I now renumber the dice (again only using integers in the range 1
to 6) with the results shown in the following table
\noindent
| Total shown by the two dice | 2 | 3 | 4 | 5 | 6 | 7 | 8 | 9 | 10 | 11 | 12 |
| Different ways of obtaining the total | 0 | 2 | 1 | 1 | 4 | 3 | 8 | 6 | 5 | 6 | 0 |
\par
Find how I have numbered the dice explaining your reasoning.
{[}You will only get high marks if the examiner can follow your argument.{]}
A \(3\times3\) magic square is a \(3\times3\) array
\[
\begin{array}{ccc}
a & b & c\\
d & e & f\\
g & h & k
\end{array}
\]
whose entries are the nine distinct integers \(1,2,3,4,5,6,7,8,9\) and which has the property that all its rows, columns and main diagonals add up to the same number \(n\). (Thus \(a+b+c=d+e+f=g+h+k=a+d+g=b+e+h=c+f+k=a+e+k=c+e+g=n.)\)
- Show that \(n=15.\)
- Show that \(e=5.\)
- Show that one of \(b,d,h\) or \(f\) must have value \(9\).
- Find all \(3\times3\) magic squares with \(b=9.\)

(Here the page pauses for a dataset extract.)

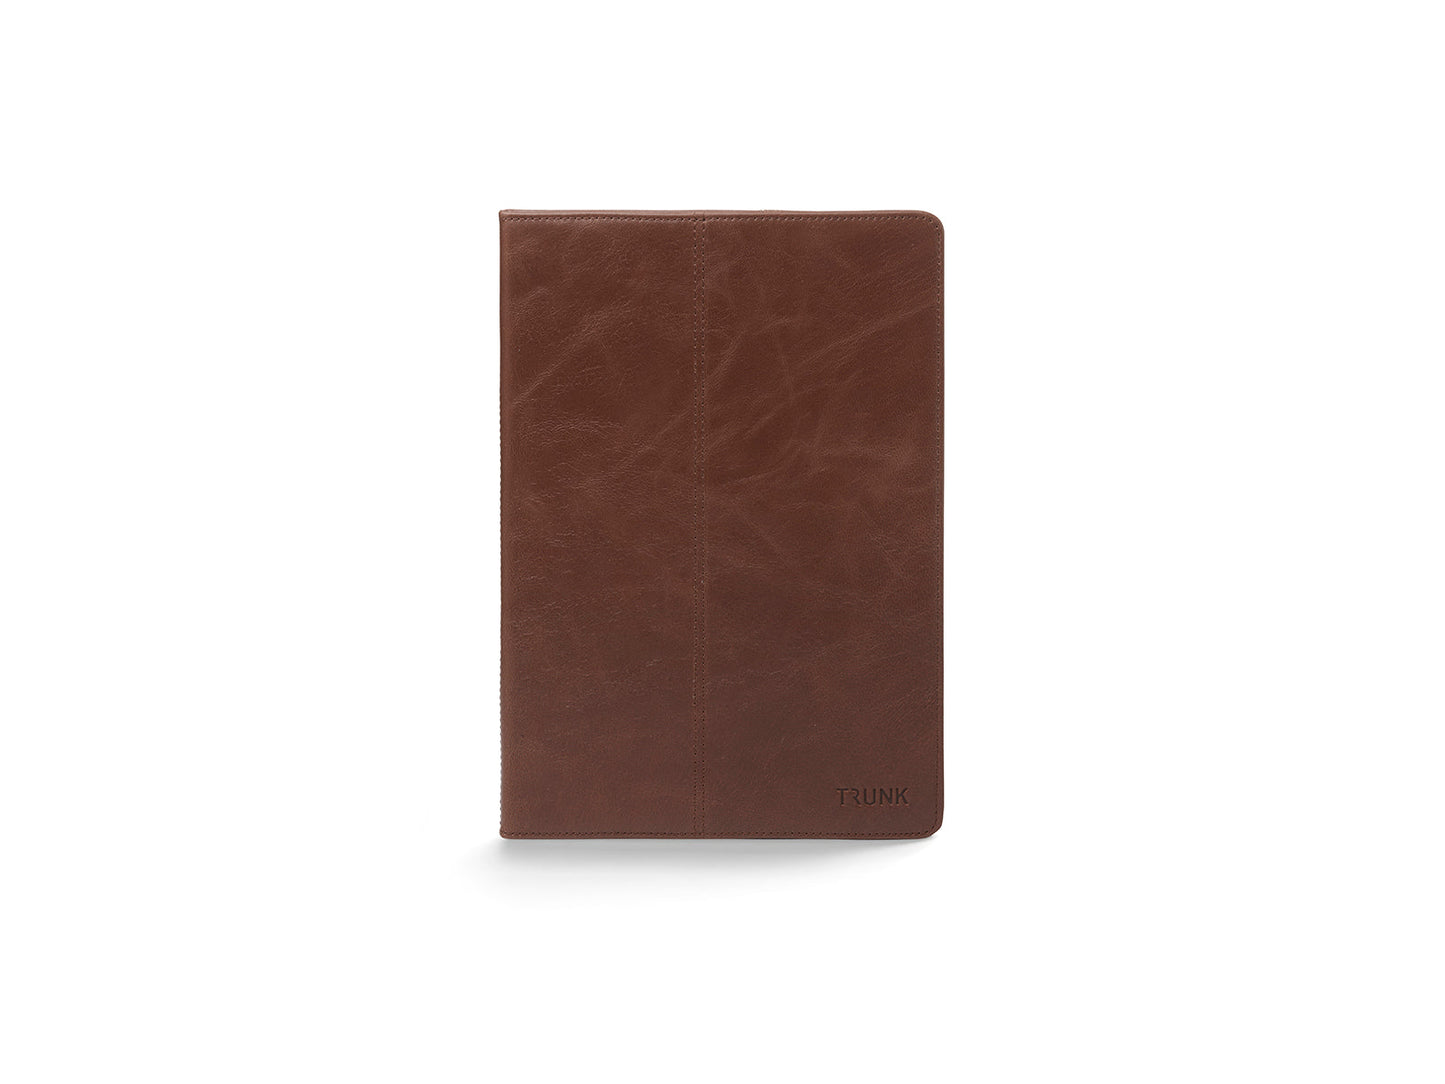 Trunk iPad Air cover 10,9" Leather Brun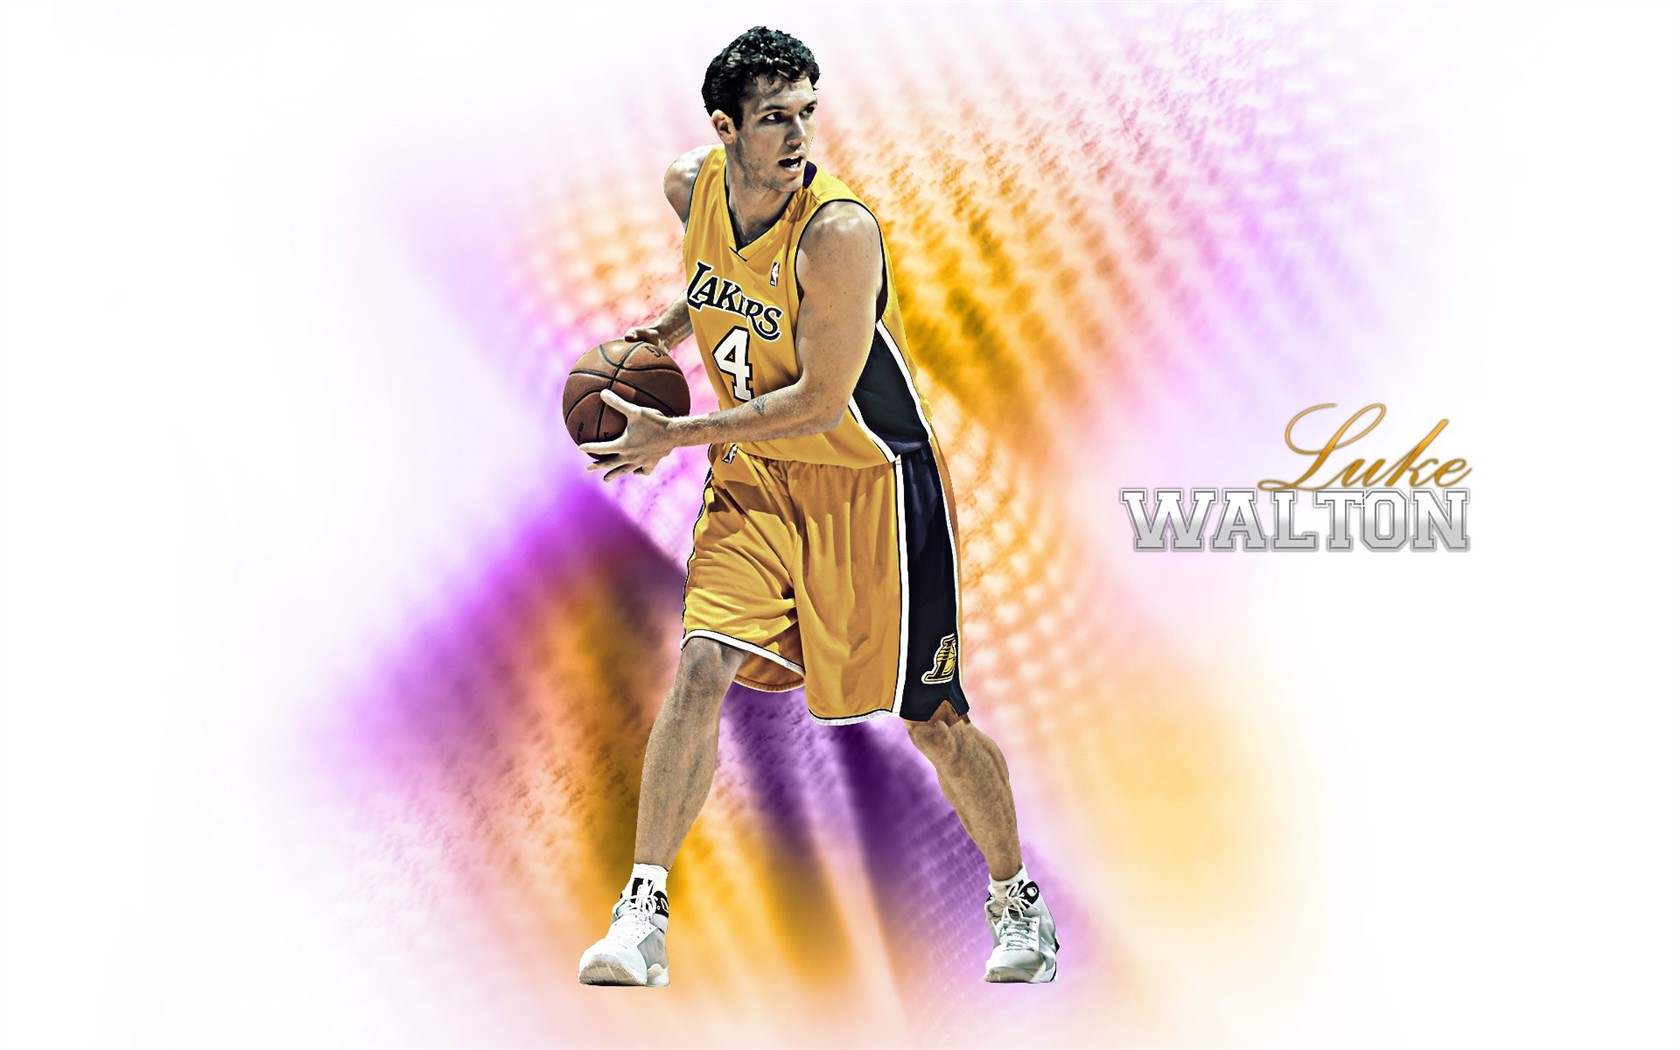 Los Angeles Lakers Wallpaper Oficial #19 - 1680x1050

- How many different \(3\times3\) magic squares are there? Why?
{[}Two magic squares are different if they have different entries in any place of the array.{]}
Show Solution
- \((a+b+c)+(d+e+f)+(g+h+k) = 3n = 1 + 2 + \cdots + 9 = 45 \Rightarrow n = 15\).
- Summing all rows, columns, diagonals through \(e\) we have \((a+e+k)+(b+e+h)+(c+e+g)+(d+e+f) = 45 + 3e = 60 \Rightarrow e = 5\).
- Suppose that one of the corners is \(9\), then we need to find \(2\) ways to make \(6\) not using \(5\) and \(1\) (as \(5\) is in the middle and \(1\) diagonally opposite). Clearly this is not possible as the only remaining numbers are \(2,3,4\) and only \(2+4 = 6\). Therefore \(9\) cannot be in the corner or central squares, ie it's one of \(b,d,h,f\)
- We must have
\begin{array}{ccc}
a & 9 & c\\
d & 5 & f\\
g & 1 & k
\end{array} and so \(a\) or \(c = 4\). Once we place \(4\) by symmetry there will be another solution with \(a = 2\). So:
\begin{array}{ccc}
4 & 9 & 2\\
d & 5 & f\\
g & 1 & k
\end{array}
we now see \(k\), then \(f\), then \(d\) then \(g\) must be determined, ie:
\begin{array}{ccc}
4 & 9 & 2\\
3 & 5 & 7\\
8 & 1 & 6
\end{array}
so our two solutions must be this and
\begin{array}{ccc}
2 & 9 & 4\\
7 & 5 & 3\\
6 & 1 & 8
\end{array}
- For each of the \(4\) possible placements of \(9\) there are two magic squares, so there are \(8\) possible magic squares, all related by reflection and rotation.